Refactor cython episode

content/accel-cython.rst

@@ -0,0 +1,380 @@
+Cython
+------
+
+Cython is a superset of Python that additionally supports calling C functions and  declaring C types on variables and class attributes.
+It is also a versatile, general purpose compiler.
+Since it is supports a superset of Python syntax, nearly all Python code, including 3rd party Python packages are also valid Cython code.
+Under Cython, source code gets translated into optimized C/C++ code and compiled as Python extension modules. 
+
+Developers can either:
+
+- prototype and develop Python code in IPython/Jupyter using the ``%%cython`` magic command (**easy**), or
+- run the ``cython`` command-line utility to produce a ``.c`` file from a ``.py`` or ``.pyx`` file,
+  which in turn needs to be compiled with a C compiler to an ``.so`` library, which can then be directly imported in a Python program (**intermediate**), or
+- use setuptools_ or meson_ with meson-python_ to automate the aforementioned build process (**advanced**).
+
+.. _setuptools: https://setuptools.pypa.io/en/latest/userguide/ext_modules.html
+.. _meson: https://mesonbuild.com/Cython.html
+.. _meson-python: https://mesonbuild.com/meson-python/index.html
+
+Herein, we restrict the discussion to the Jupyter-way of using the ``%%cython`` magic.

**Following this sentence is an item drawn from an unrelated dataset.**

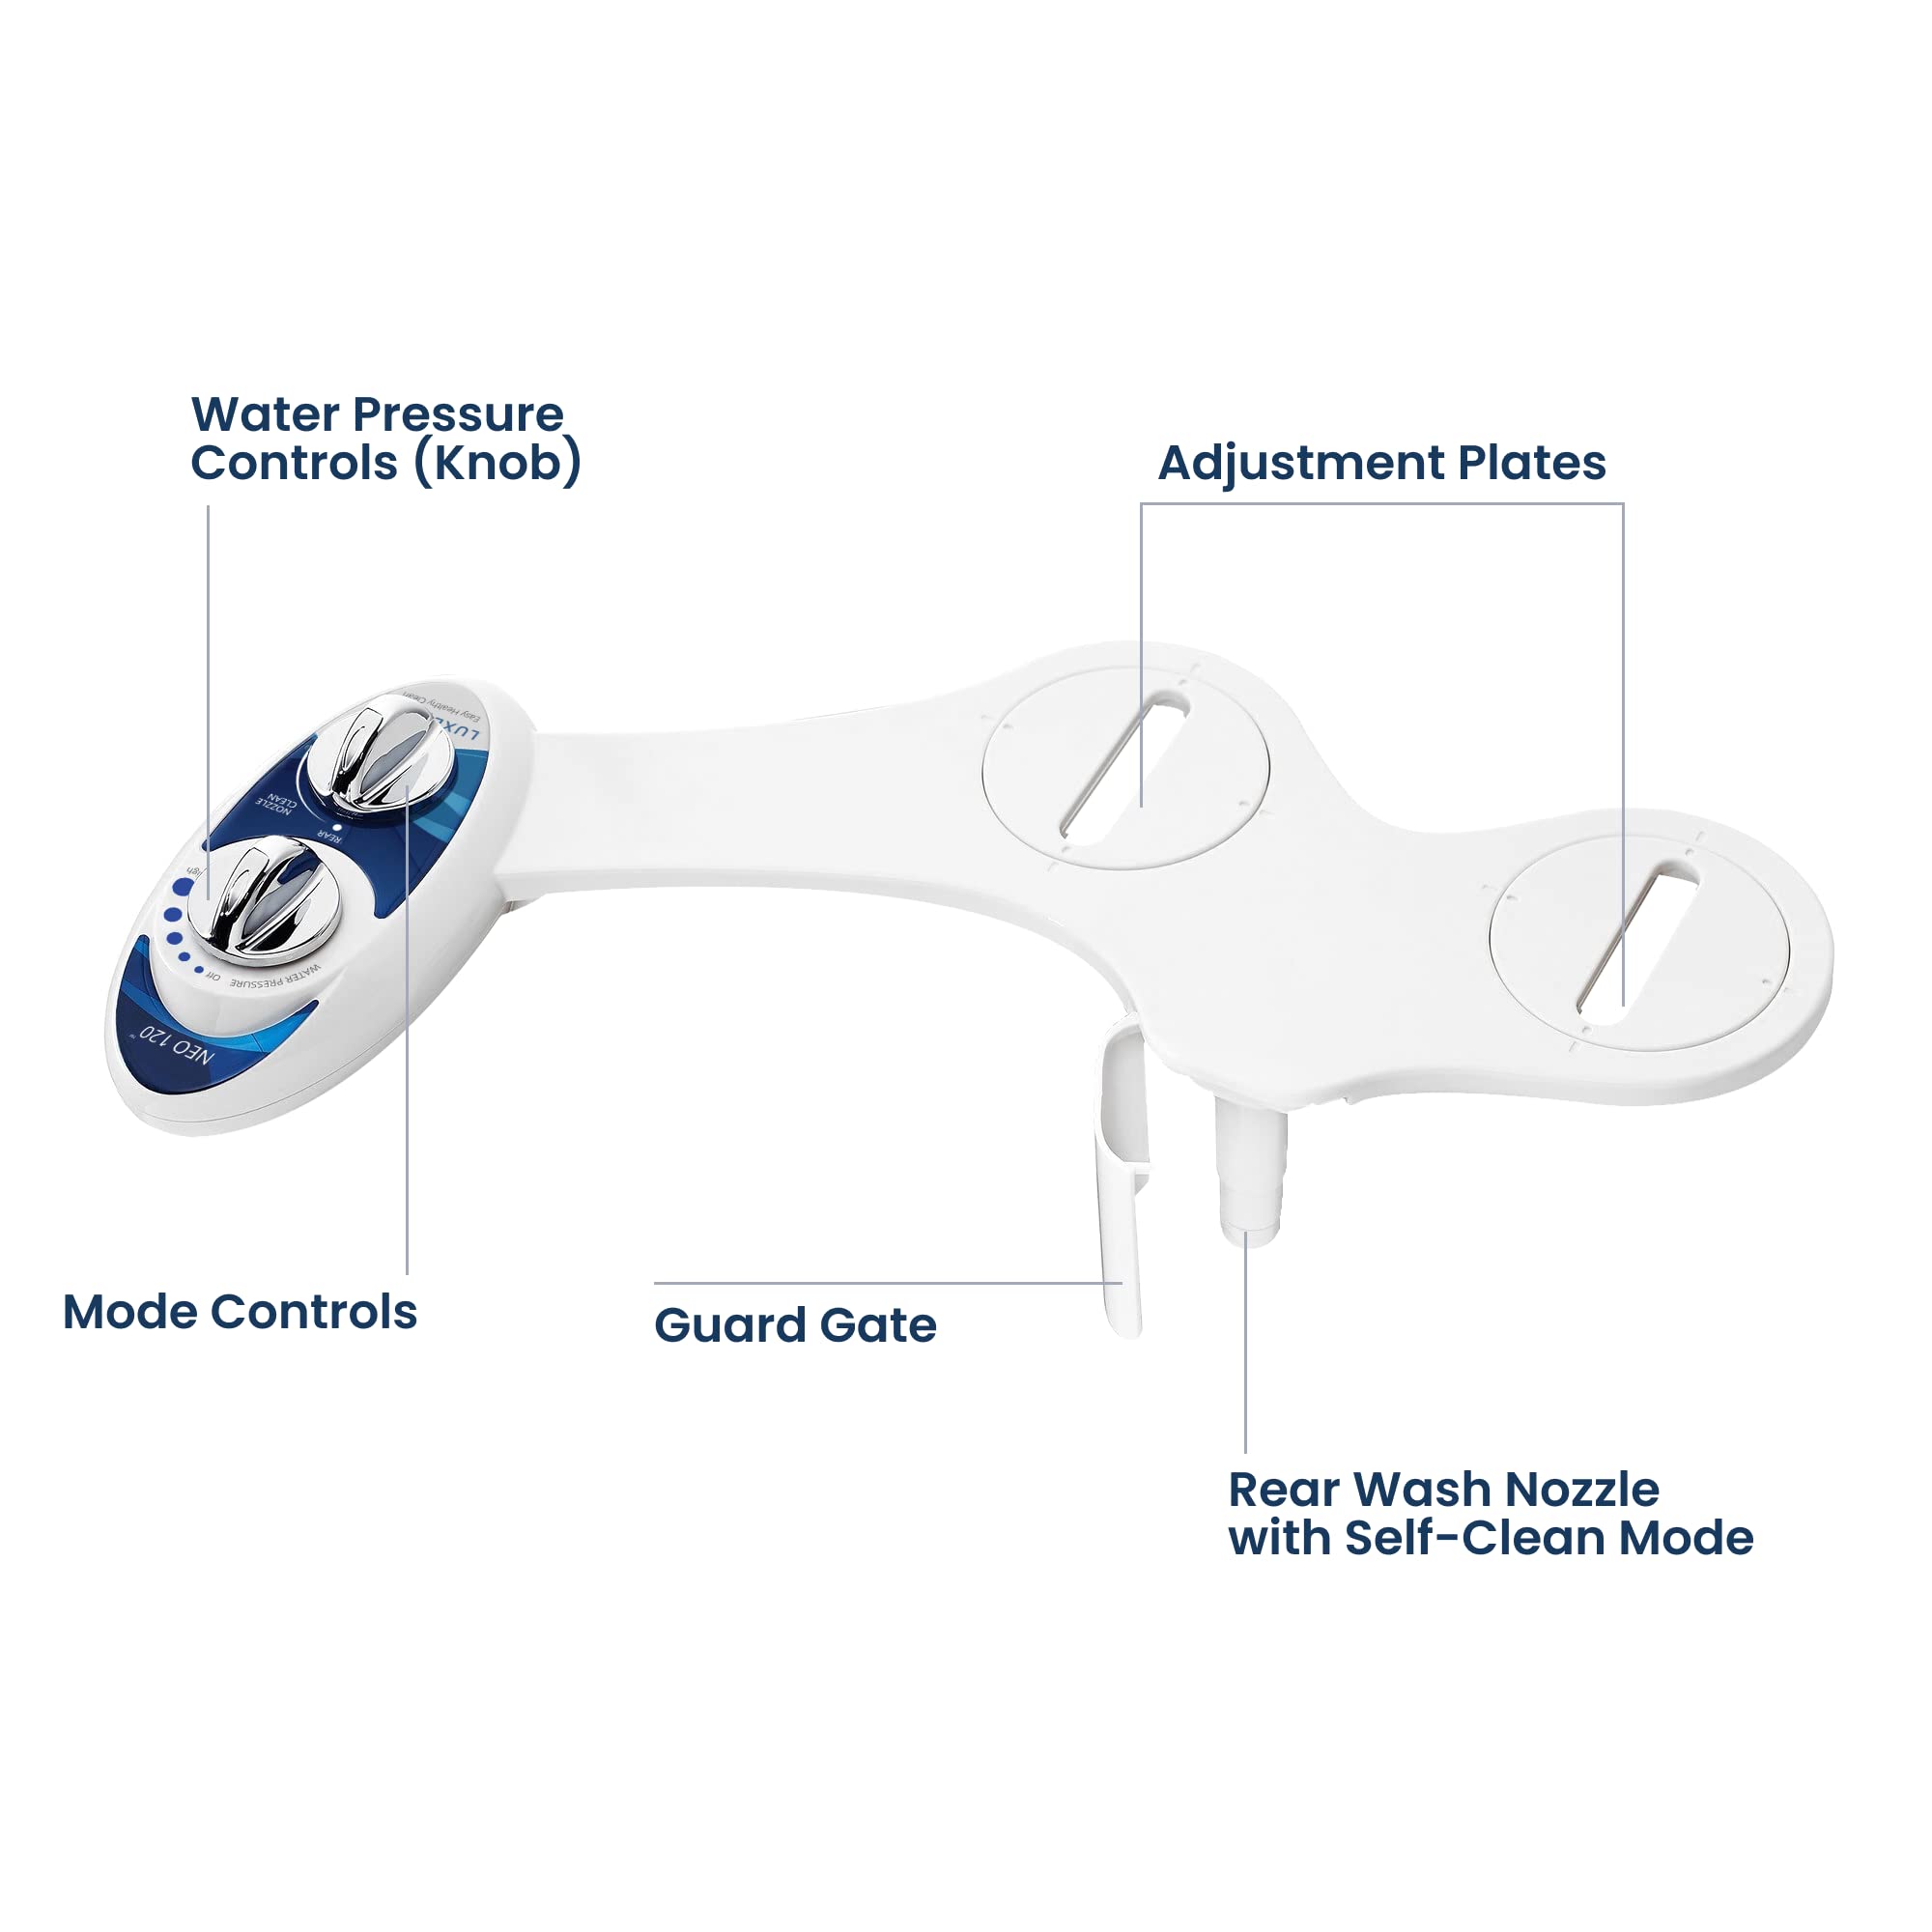 LUXE Bidet NEO 120 - Self-Cleaning Nozzle, Fresh Water Non-Electric Bidet Attachment for Toilet Seat, Adjustable Water Pressure, Rear Wash (Blue)
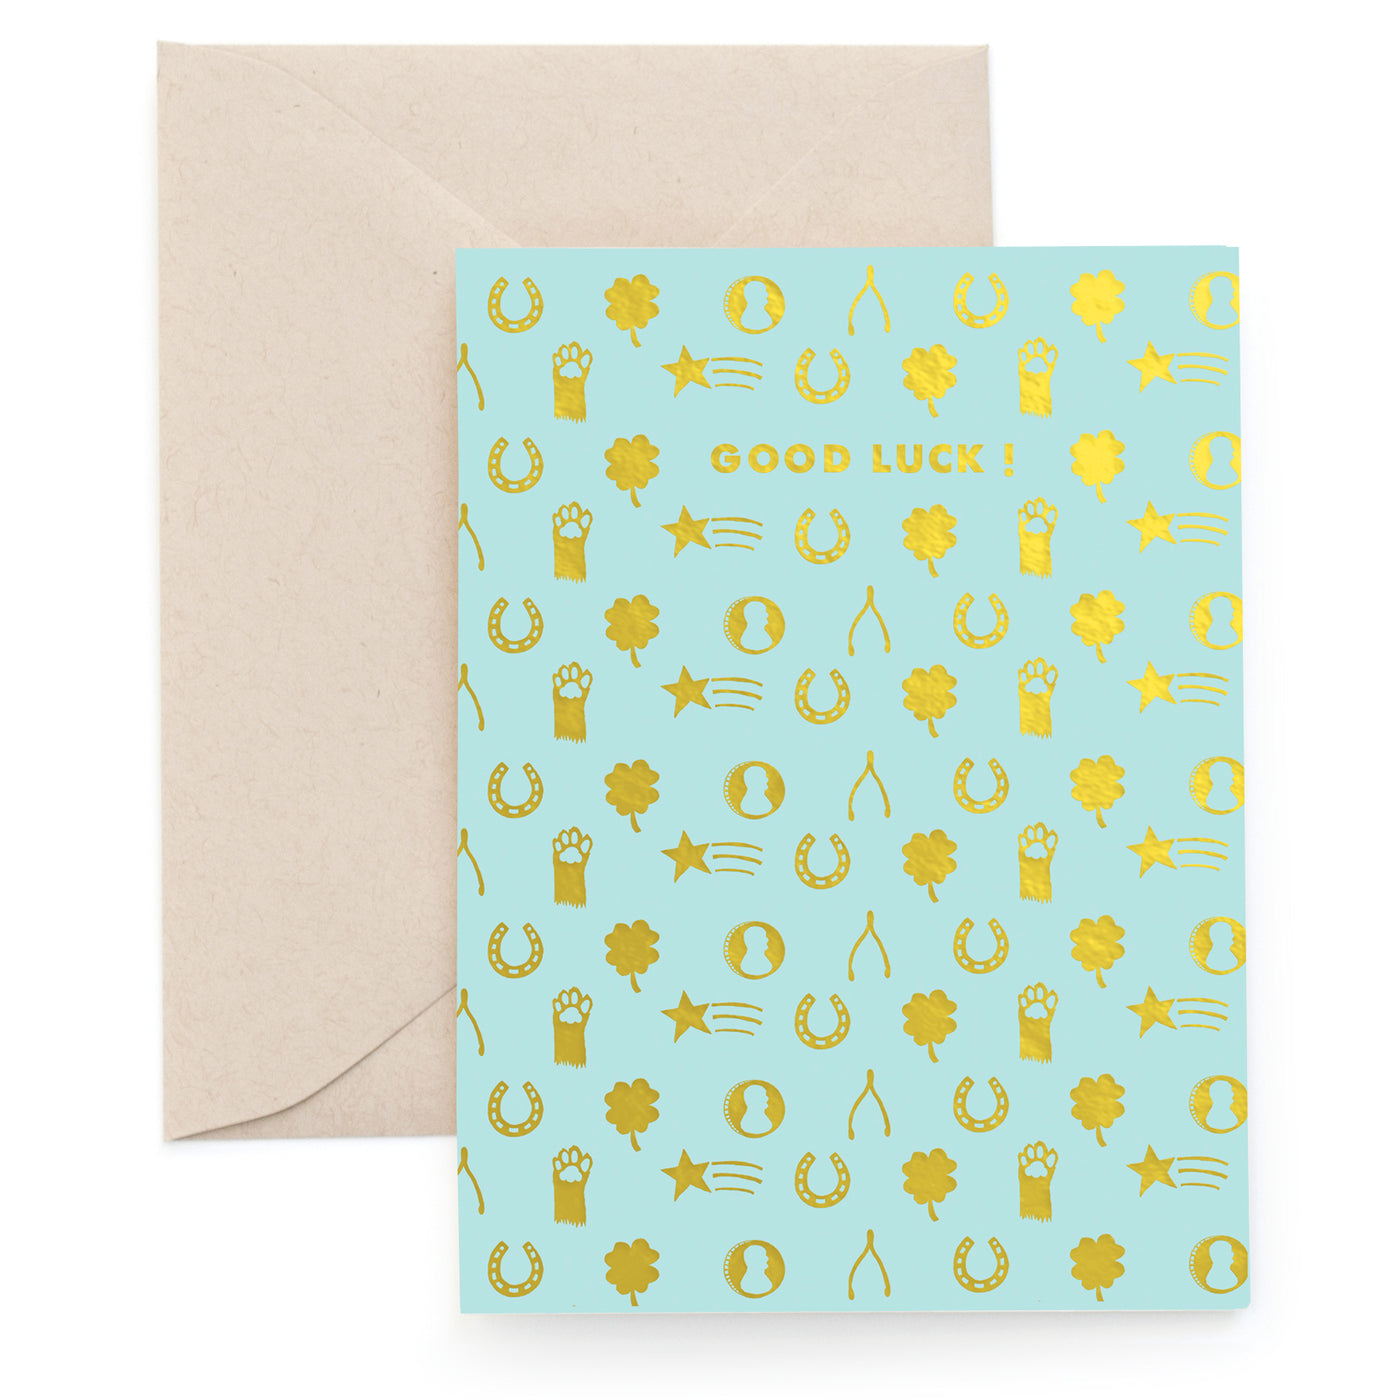 BEST OF LUCK - Everyday Greeting Card

+A full overview of Cython capabilities refers to the `documentation <https://cython.readthedocs.io/en/latest/>`_.
+
+.. important::
+
+   Due to a `known issue`_ with ``%%cython -a`` in ``jupyter-lab`` we have to use the ``jupyter-nbclassic`` interface
+   for this episode.
+
+.. _known issue: https://github.com/cython/cython/issues/7319
+
+Python: Baseline (step 0)
+^^^^^^^^^^^^^^^^^^^^^^^^^
+
+.. demo:: Demo: Cython
+
+   Consider a problem to integrate a function:
+
+   .. math:: 
+       I = \int^{b}_{a}(x^2 - x)dx
+
+   which can be numerically approximated as the following sum:
+
+   .. math::
+      I \approx \delta x \sum_{i=0}^{N-1} (x_i^2 - x_i)
+
+   where :math:`a \le x_i \lt b`, and all :math:`x_i` are uniformly spaced apart by :math:`\delta x = (b - a) / N`.
+
+   **Objective**: Repeatedly compute the approximate integral for 1000 different combinations of 
+   :math:`a`, :math:`b` and :math:`N`.
+
+
+Python code is provided below:
+
+.. literalinclude:: example/integrate_python.py 
+
+We generate a dataframe and apply the :meth:`apply_integrate_f` function on its columns, timing the execution:
+
+.. code-block:: ipython
+
+   import pandas as pd
+
+   df = pd.DataFrame(
+       {
+           "a": np.random.randn(1000),
+           "b": np.random.randn(1000),
+           "N": np.random.randint(low=100, high=1000, size=1000)
+       }
+   )          
+
+   %timeit apply_integrate_f(df['a'], df['b'], df['N'])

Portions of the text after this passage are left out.